→ **WORK TO BE COMPLETED**
Begin your copy at the line with "Gesetzblatt (GBl.) der" in the records below and end it at the line with "Stillwater Endodontics", restating each line word for word; omit the pictures.

═══ RECORDS PROVIDED ═══

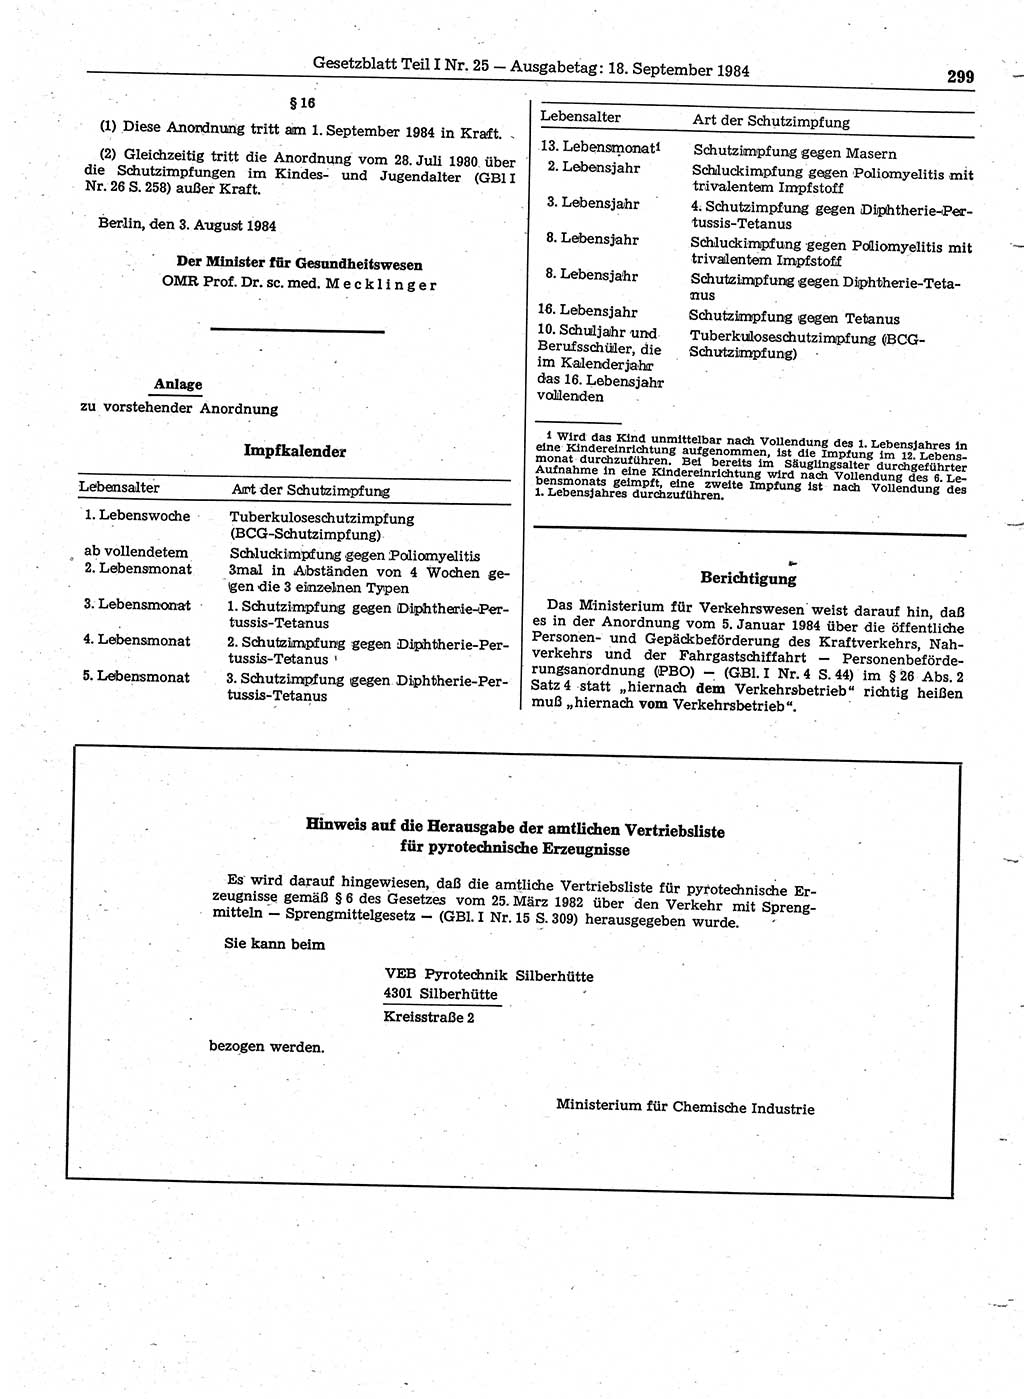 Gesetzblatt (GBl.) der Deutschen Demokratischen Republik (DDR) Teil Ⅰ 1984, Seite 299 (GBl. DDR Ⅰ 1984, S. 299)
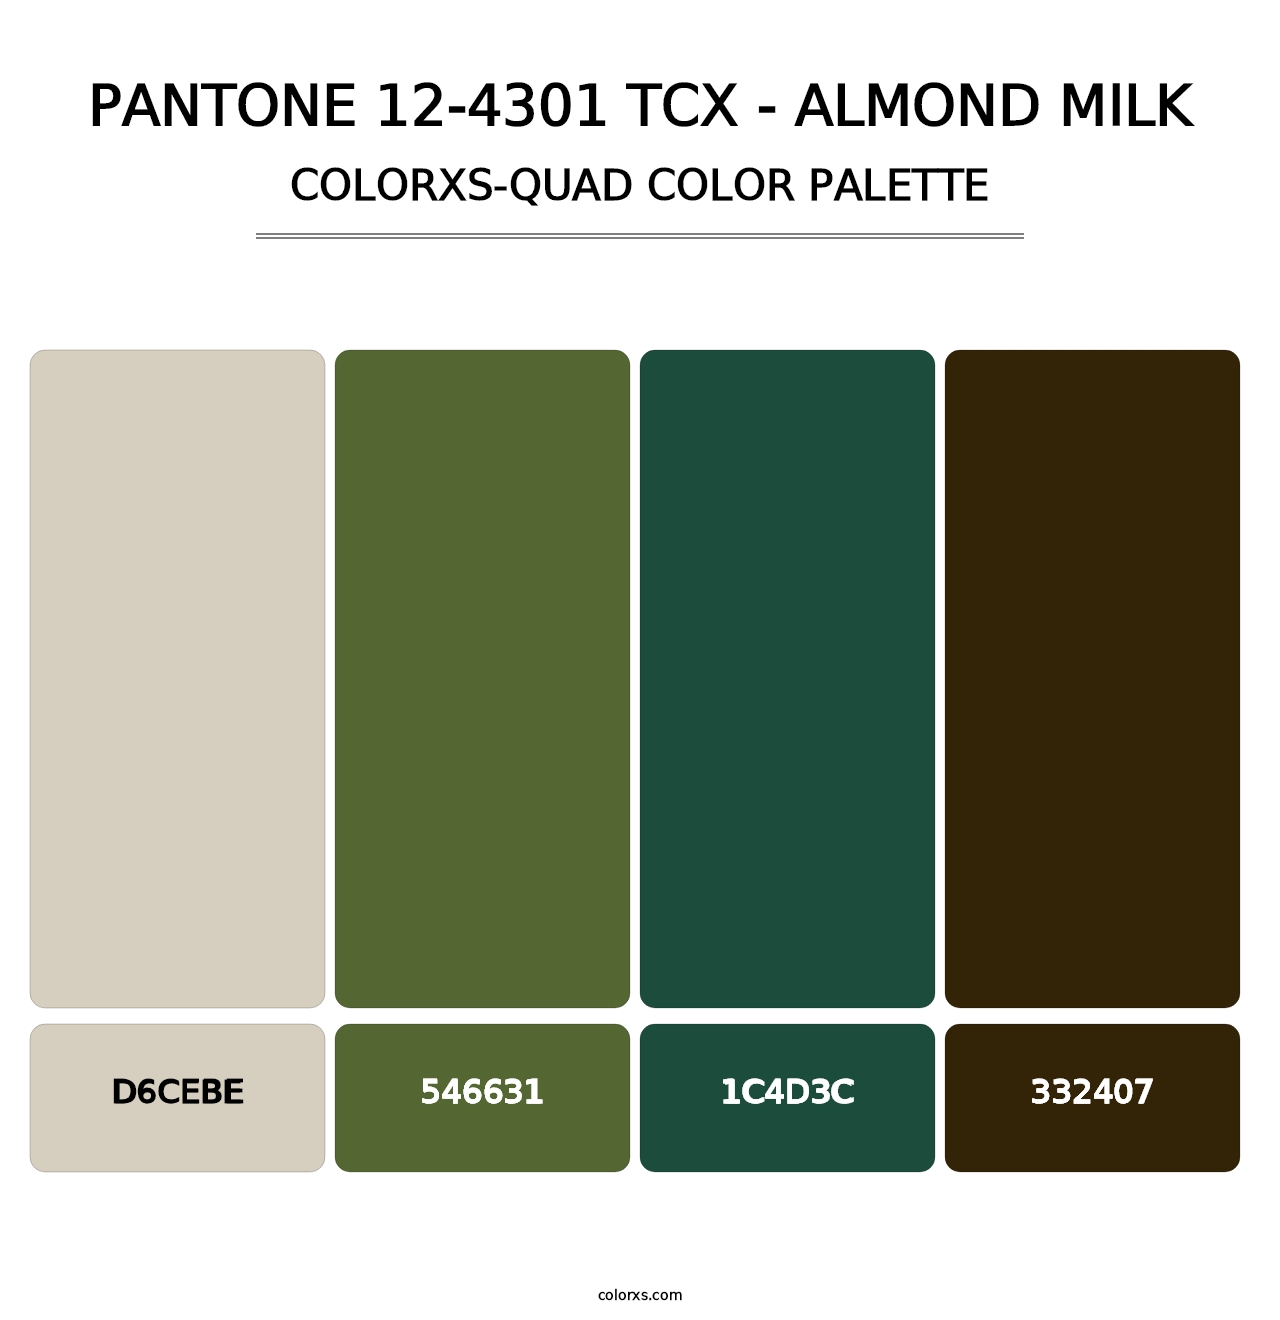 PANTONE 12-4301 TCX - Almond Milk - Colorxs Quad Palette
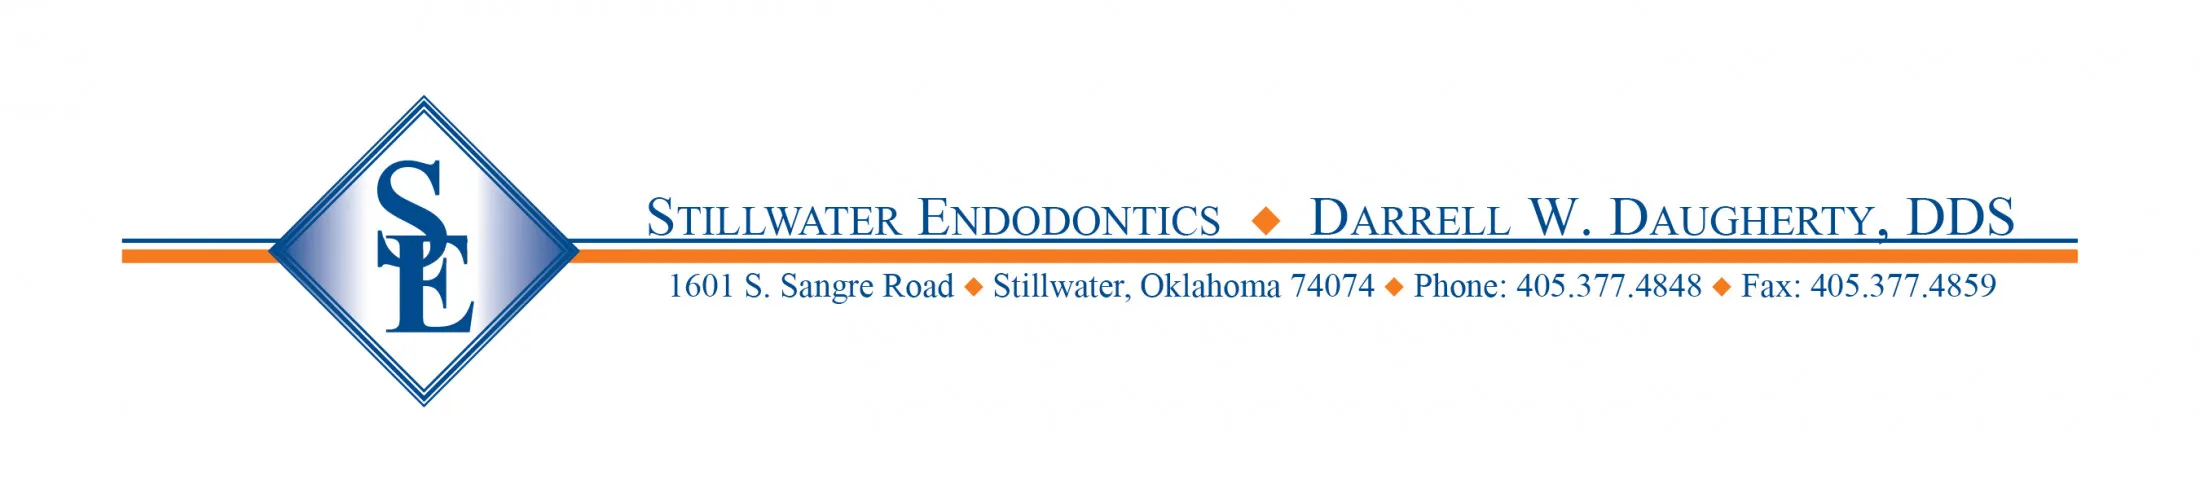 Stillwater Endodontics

═══
═══ RECORDS PROVIDED ═══

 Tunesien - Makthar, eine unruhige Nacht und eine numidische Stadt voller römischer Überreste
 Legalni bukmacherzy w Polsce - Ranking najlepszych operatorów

═══
═══ RECORDS PROVIDED ═══

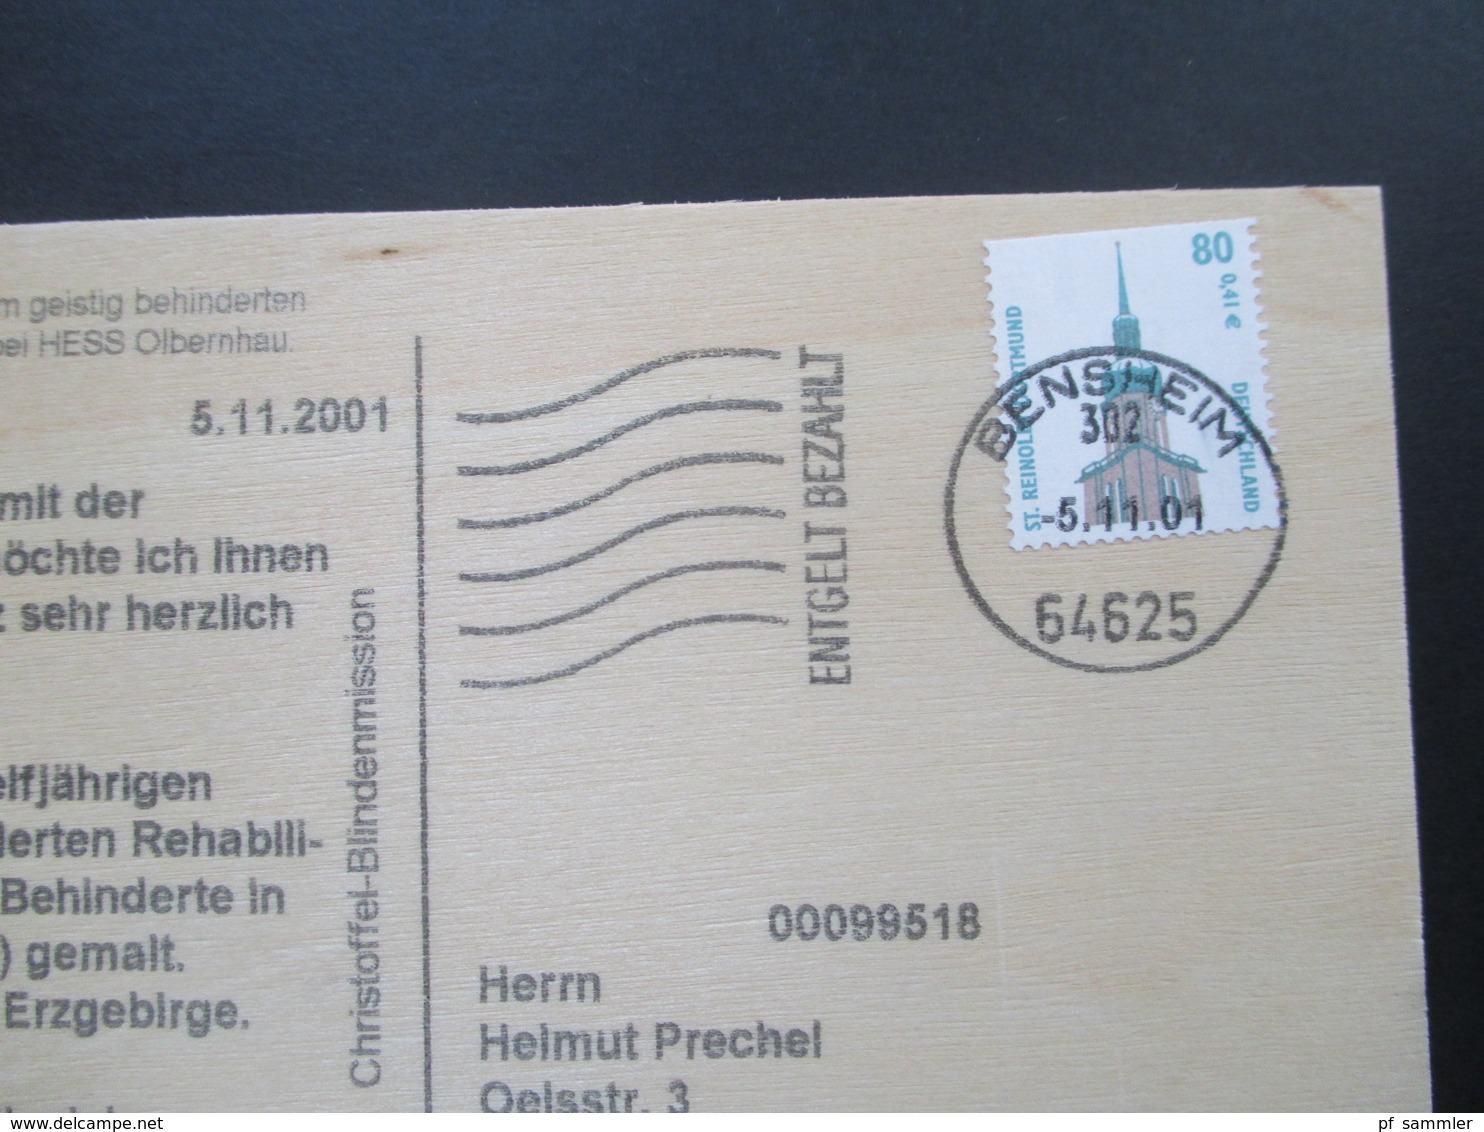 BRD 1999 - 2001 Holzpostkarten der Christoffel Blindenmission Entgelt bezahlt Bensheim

═══

→ **WORKED SOLUTION**
 Gesetzblatt (GBl.) der Deutschen Demokratischen Republik (DDR) Teil Ⅰ 1984, Seite 299 (GBl. DDR Ⅰ 1984, S. 299)
 PANTONE 12-4301 TCX - Almond Milk - Colorxs Quad Palette
 Stillwater Endodontics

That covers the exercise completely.